Почему-то в связи с этим мне вспоминаются Набережные Челны. Тогда не только мы впервые приехали в этот город, но и оказались вообще первым театром, приехавшим туда. Мы показывали там спектакль, нас принимали хорошо — те самые съехавшиеся со всего белого света люди, которые, как рассказывал уже Любимов, выставили вдоль всей улицы магнитофоны, когда мы шли в гостиницу. Руководство города попросило Любимова дать кроме спектаклей концерт: мол, театр театром, а в концертах мы тоже разбираемся, — у нас Зыкина выступала. Короче, давайте Высоцкого. Но все это называлось концертом Театра на Таганке. Был сооружен колоссальный шатер, и получился такой зал тысячи на три зрителей, со стенами высотой метров пять. Снаружи стены мгновенно обросли лестницами, так что полон был не только зал — полны были и эти высоченные стены. Все хотели культурного развития. А мы, как и обещали, решили выдать лучшие'силы. Вышла «известная вам по многим кинофильмам» Демидова, стала читать Блока. В зале — мрачный скепсис. Ушла. Следующий — не приняли. Ушел. Выхожу я — мне уже прямо говорят: «A-а! Давай отсюдова…» Мне показалось это хамством. И вдруг вышел Володя, отодвинул меня, и наступила… не просто тишина… Они словно вобрали в себя всю свою предыдущую жизнь — одним движением диафрагмы, одним вздохом, — они увидели его… И он сказал… совсем другим тоном, чем мы привыкли слышать: «Если вы, такие-сякие (он им интонацией это уточнил), сейчас же не замолчите, я вас уважать не буду, выступать не буду, потому что вы сейчас обидели не только моих друзей, но и артистов высшего класса. Вы обидели…» И перечислил того, другого, третьего… И нам: «Ребята, продолжаем…» Тишина настала мертвая, все чуть не плакали от расстройства, и лица вдруг стали видны!

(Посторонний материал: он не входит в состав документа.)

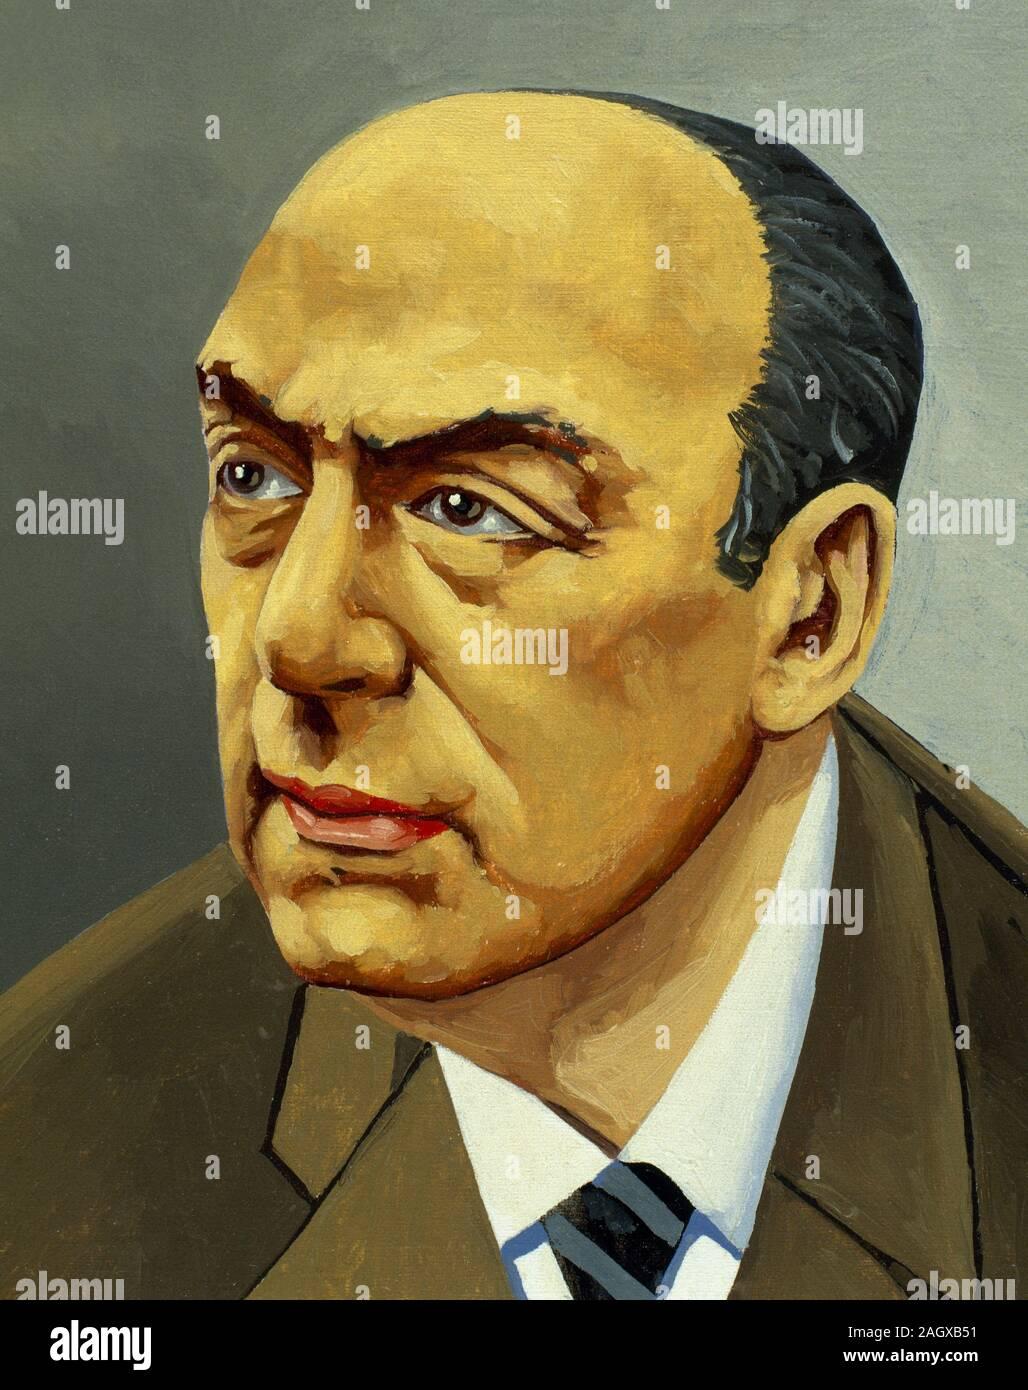 Nobel De Litterature En 1971 : nobel, litterature, Pablo, Neruda, Portrait, Banque, D'image, Photos, Alamy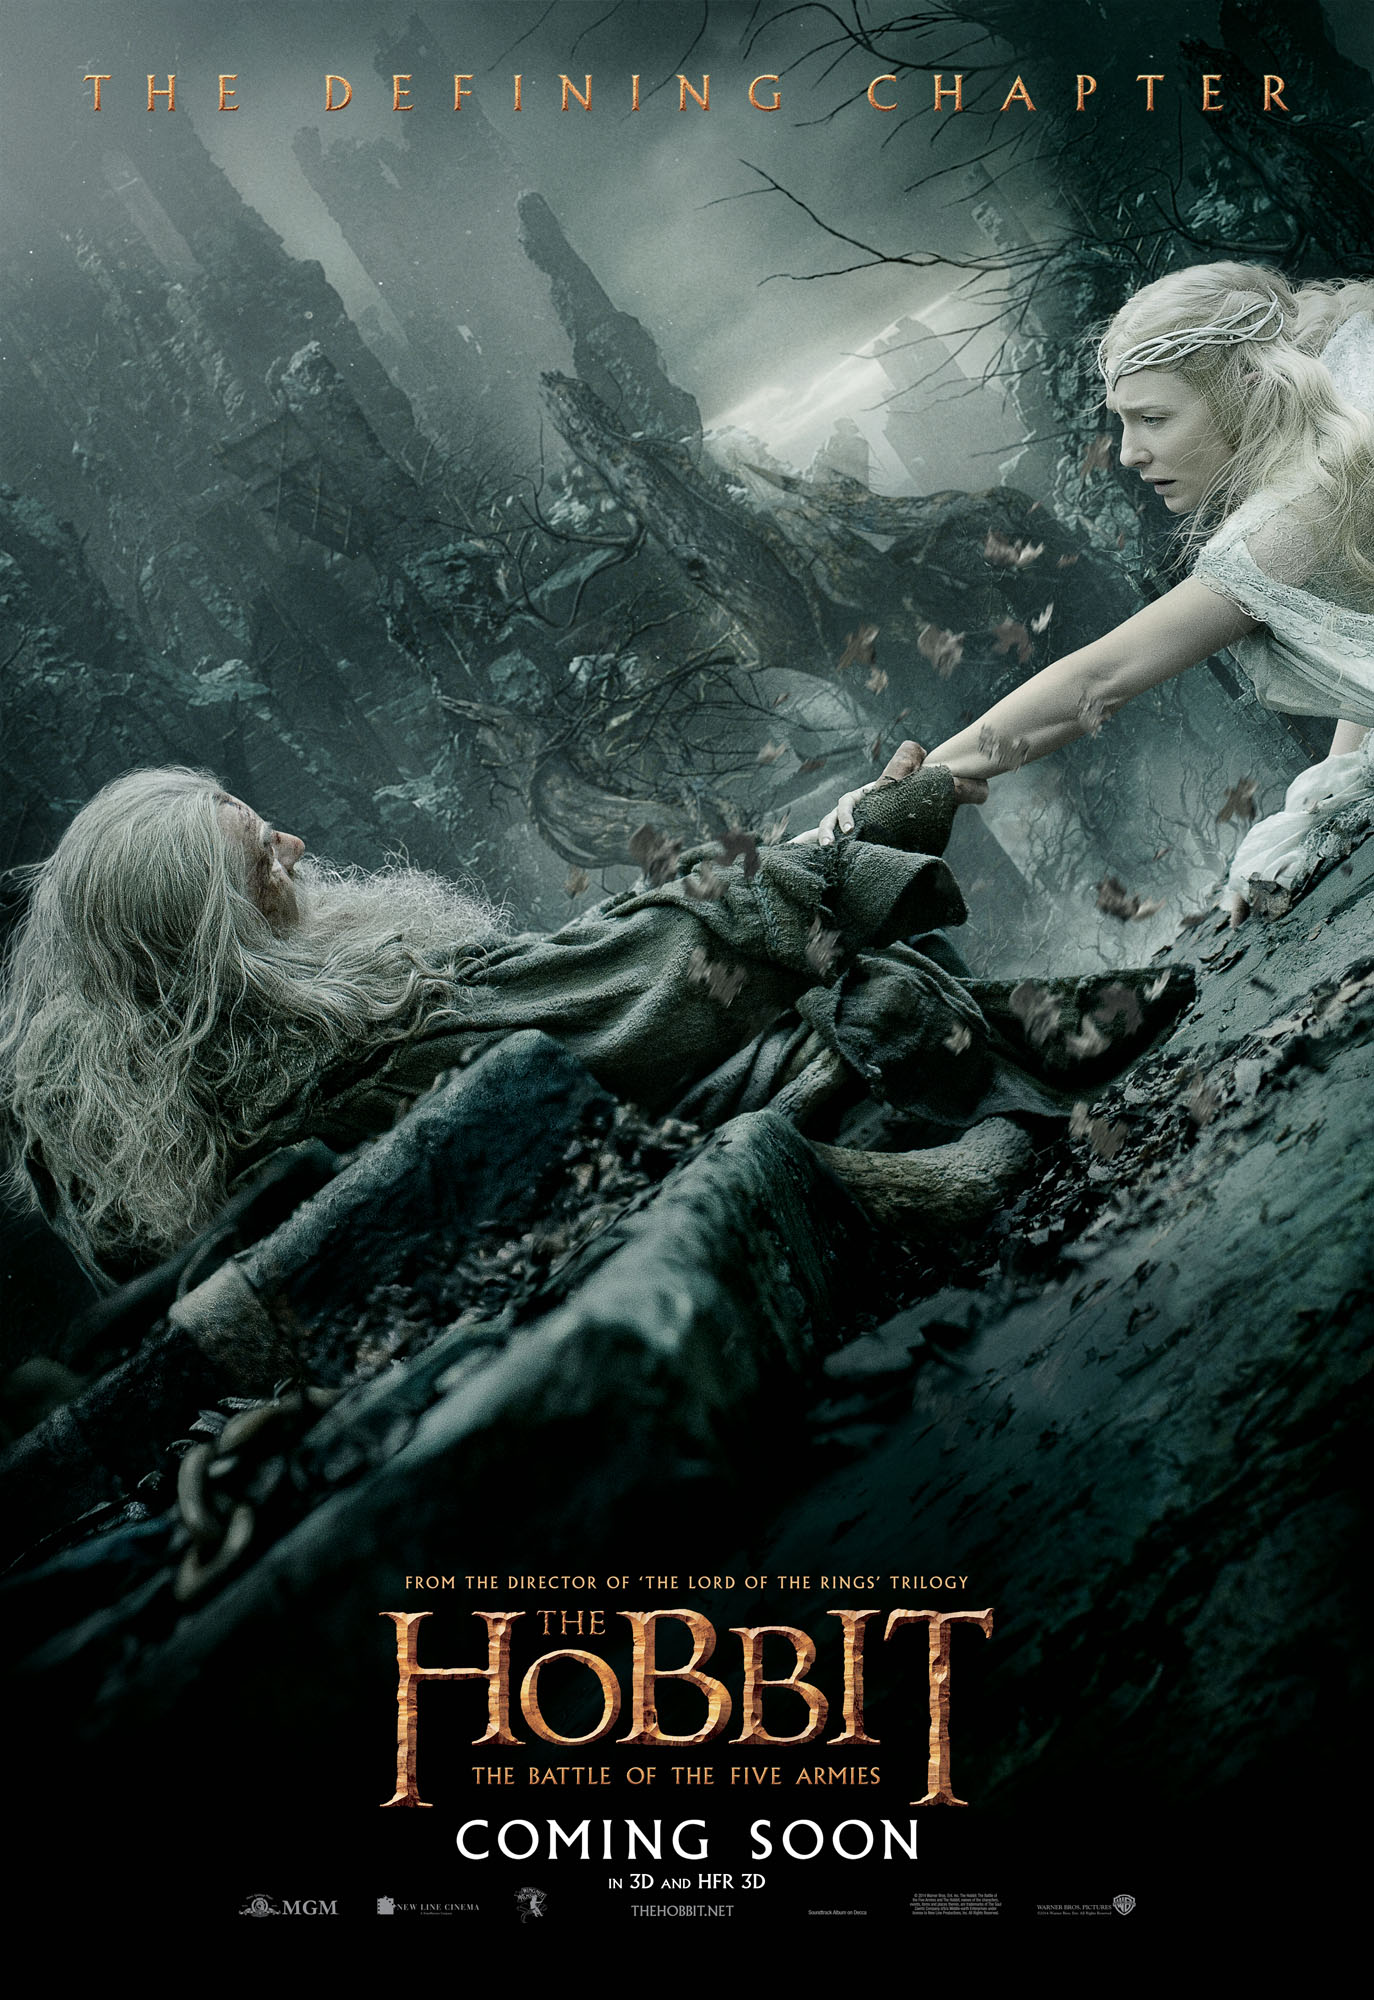 Le Seigneur des Anneaux / The Hobbit #3 HBFA_Bus_Reach_RGB_INTL_master

Ну прочел я Маяковского, потом пел Золотухин. Но чувствую, в зале хоть и молчат, но идет оттуда какой-то напор: давай, давай быстрее, слышали уже, знаем, дальше… А потом вышел Володя. Я даже не стал его особенно и объявлять, сказал: «Теперь выступает Вла…» И — лавина аплодисментов, криков! Мы приросли с Золотухиным к кулисе и смотрели в прорезь на лица…
Дело даже не в том, что понимали его по-разному, и даже не в том, могли ли понимать сложные вещи, — просто тогда до нас дошло вот что. Внешне реакция на его песни выражается в каком-то рефлексном, «балдежном», как сейчас говорят, состоянии — от одного его голоса. Но причина-то, конечно, глубже, чем «свой парень», мужественный и все такое. А есть, видно, какое-то всечеловеческое свойство: потребность надышаться воздухом жизни. И в его песнях есть этот воздух, которого так не хватает в этой трудной и подчас несимпатичной жизни. В его песнях, даже помимо мыслей, в них заложенных, есть какой-то трудно объяснимый «витамин». Мужикам он придает потребность оставаться мужиками, женщинам, детям, старым и молодым он дает «витамин» веры в жизнь и необходимость оставаться честными до конца.